We'll definitely get into this one more as we talk Oscars.
Shadow of the Vampire
release: December 29
nominations: Best Supporting Actor (Willem Dafoe), Best Makeup (Ann Buchanan / Amber Sibley)
dir: E. Elias Merhige
pr: Nicolas Cage / Jeff Levine
scr: Steven Katz
cin: Lou Bogue
To ensure authenticity for his 1922 film Nosferatu, director F.W. Murnau hires obscure actor Max Schreck, a real vampire with a long-unsatiated thirst...
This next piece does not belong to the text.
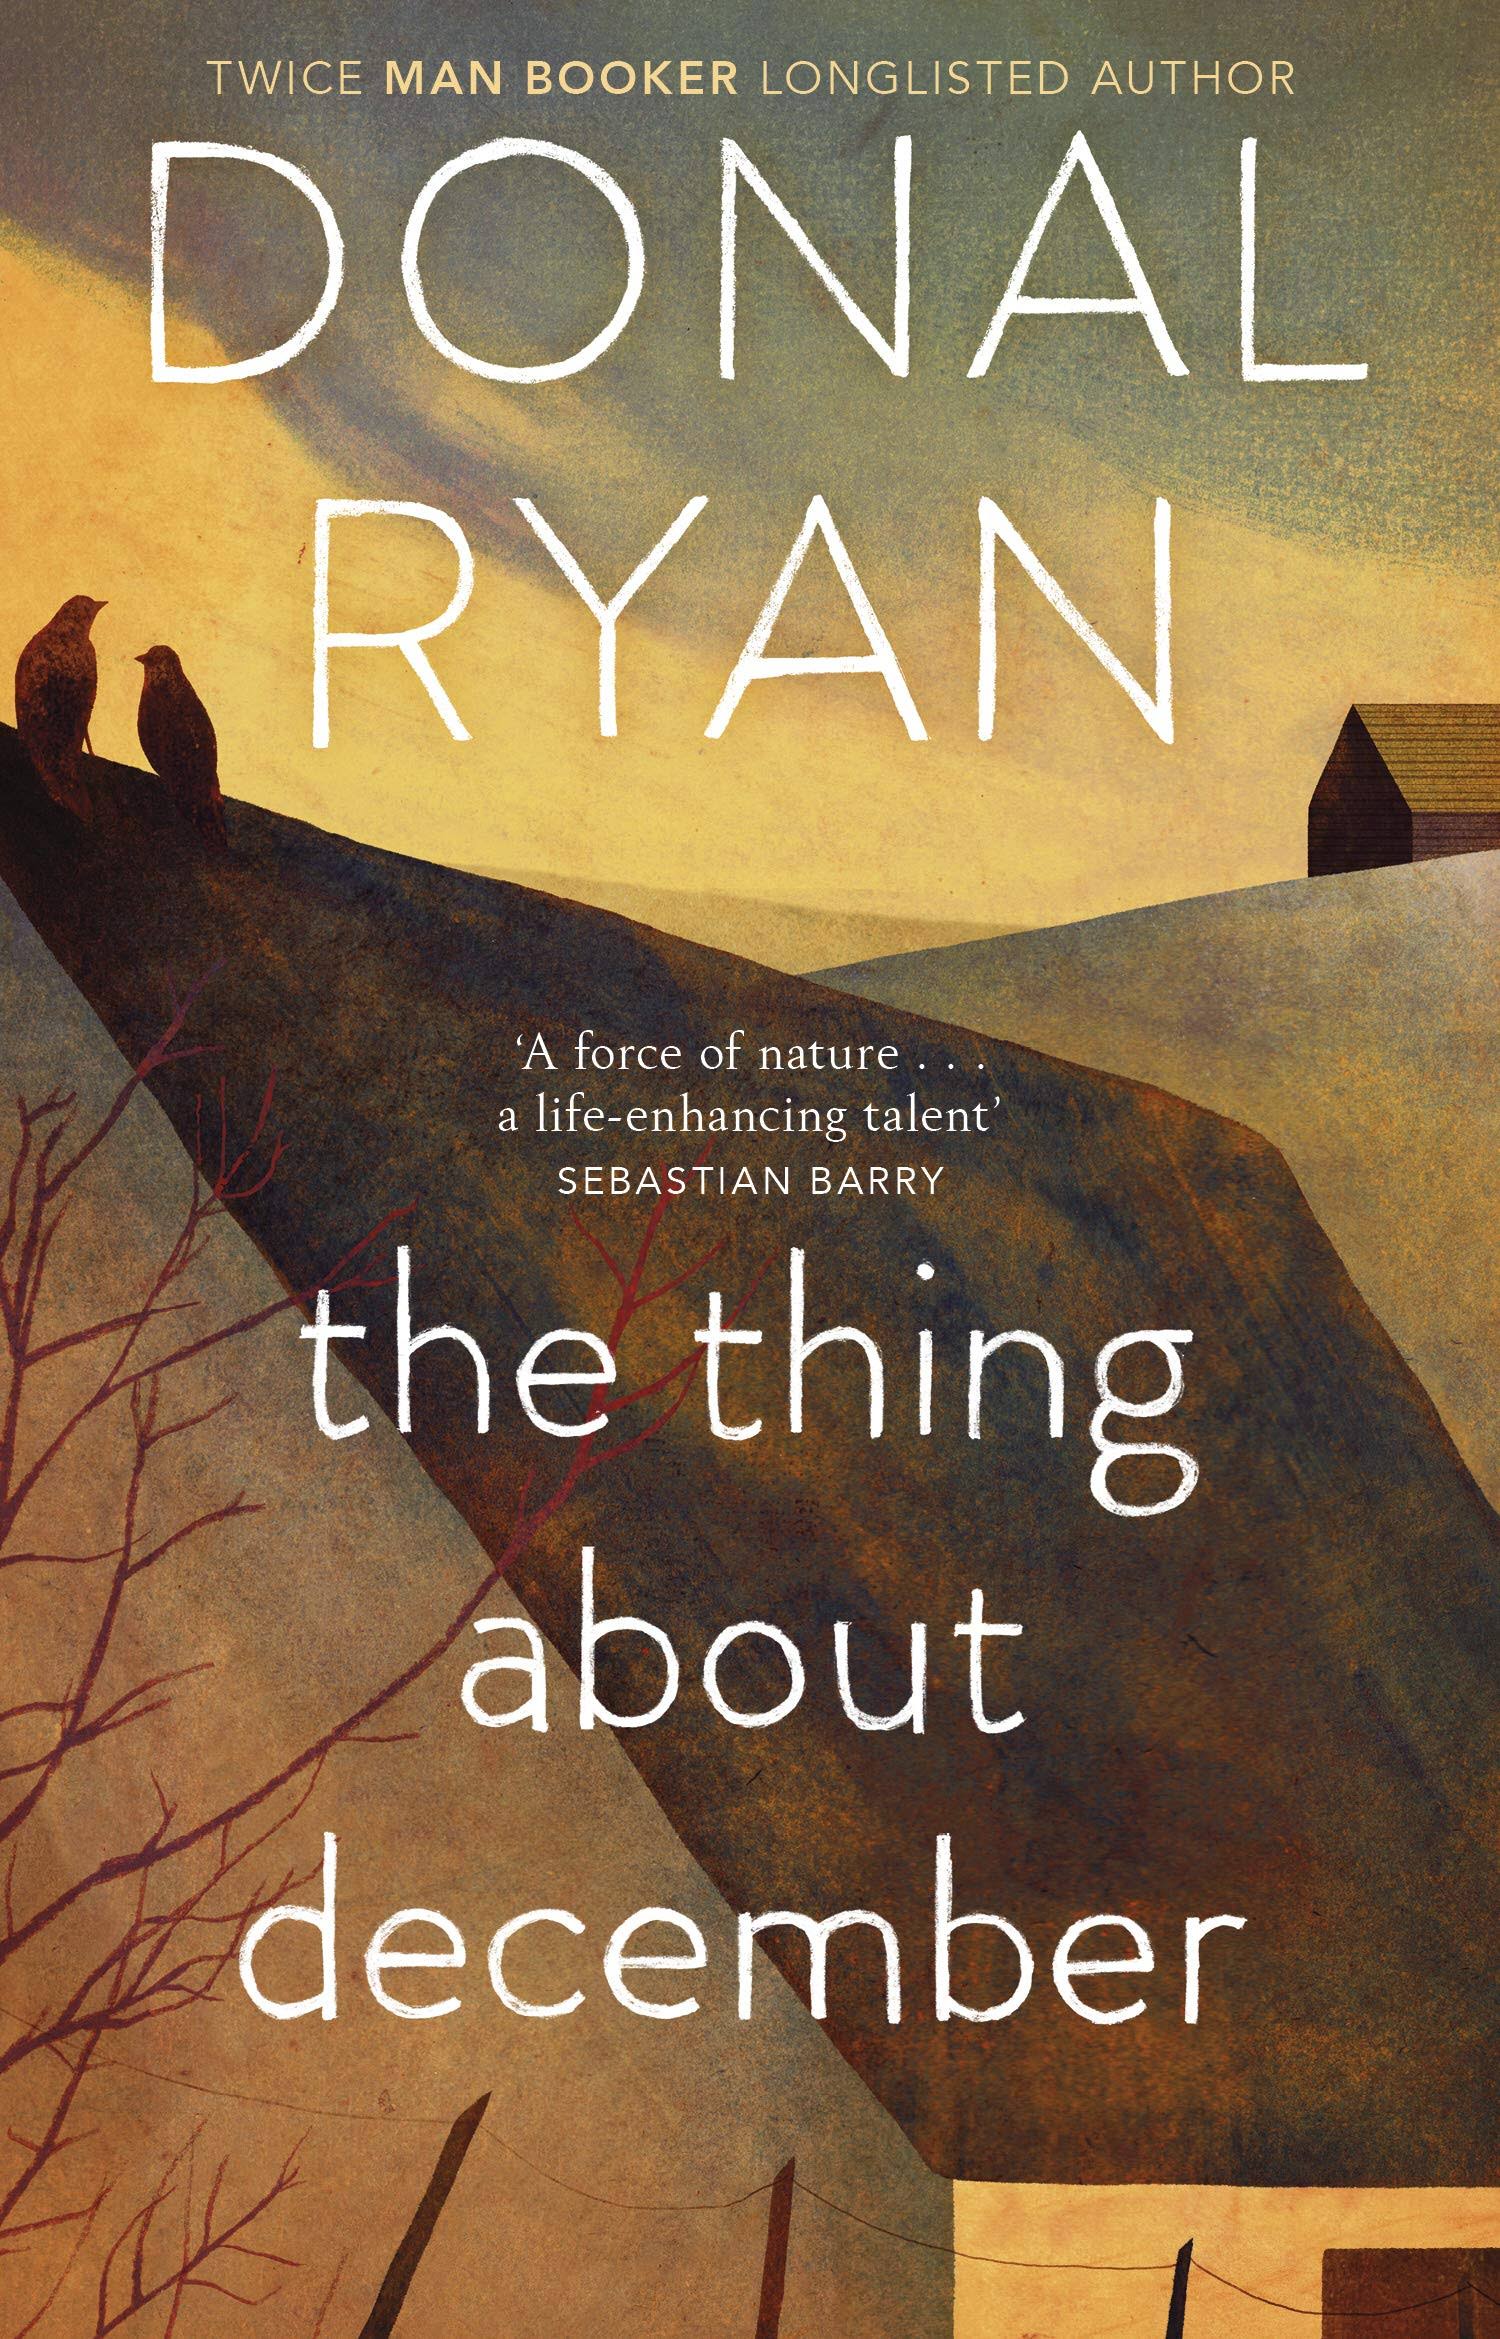 The Thing About December - Donal Ryan

Watching this reminded me of reading Lobster Alice, about a Disney animator in love with his secretary during production on Alice in Wonderland, his world turned upside-down by the brief creative involvement of Salvador Dali. I thought of that play because I think I would have loved reading this as a play in high school. As a movie, it's a one-gag sketch stretched beyond its abilities. There are not very many places for it to go after the initial This Guy's Weird! jokes, which explains why it forces history to bloodily conform to its fantasy. It can't even get its stylized title cards and transitional irising-in/out to be consistent, the sizes are all wrong!
Chunhyang
release: December 31
dir: Im Kwon-taek
pr: Lee Tae-won
scr: Cho Sang-hyun / Kang Hye-yun / Kim Myung-gon
cin: Jung Il-seon
A nobleman's son and a concubine's daughter fall in love.
The source material for the film is a popular pansori, traditionally performed by a singer and a drummer. So is this movie: the entire thing is narrated by the pansori singer Cho Sang-hyun, the drum beating like the lovers' hearts throughout, and occasionally we even see the singer and drummer on a modern stage - the entire first five minutes are just the two of them together, before getting into the "proper" narrative. What more can you ask for in a film: two beautiful leads, gorgeous pastoral photography, a sensual, sweaty honeymoon sequence, political intrigue, class division, mistaken identity, plots and counter-plots, and, spoiler alert, love triumphant? A rewarding end to my 2000 film marathon.
Now that the year is over...the awards can begin! Starting tomorrow, we're looking at the Oscar films of the year 2000, as nominated by the Academy in the year 2001!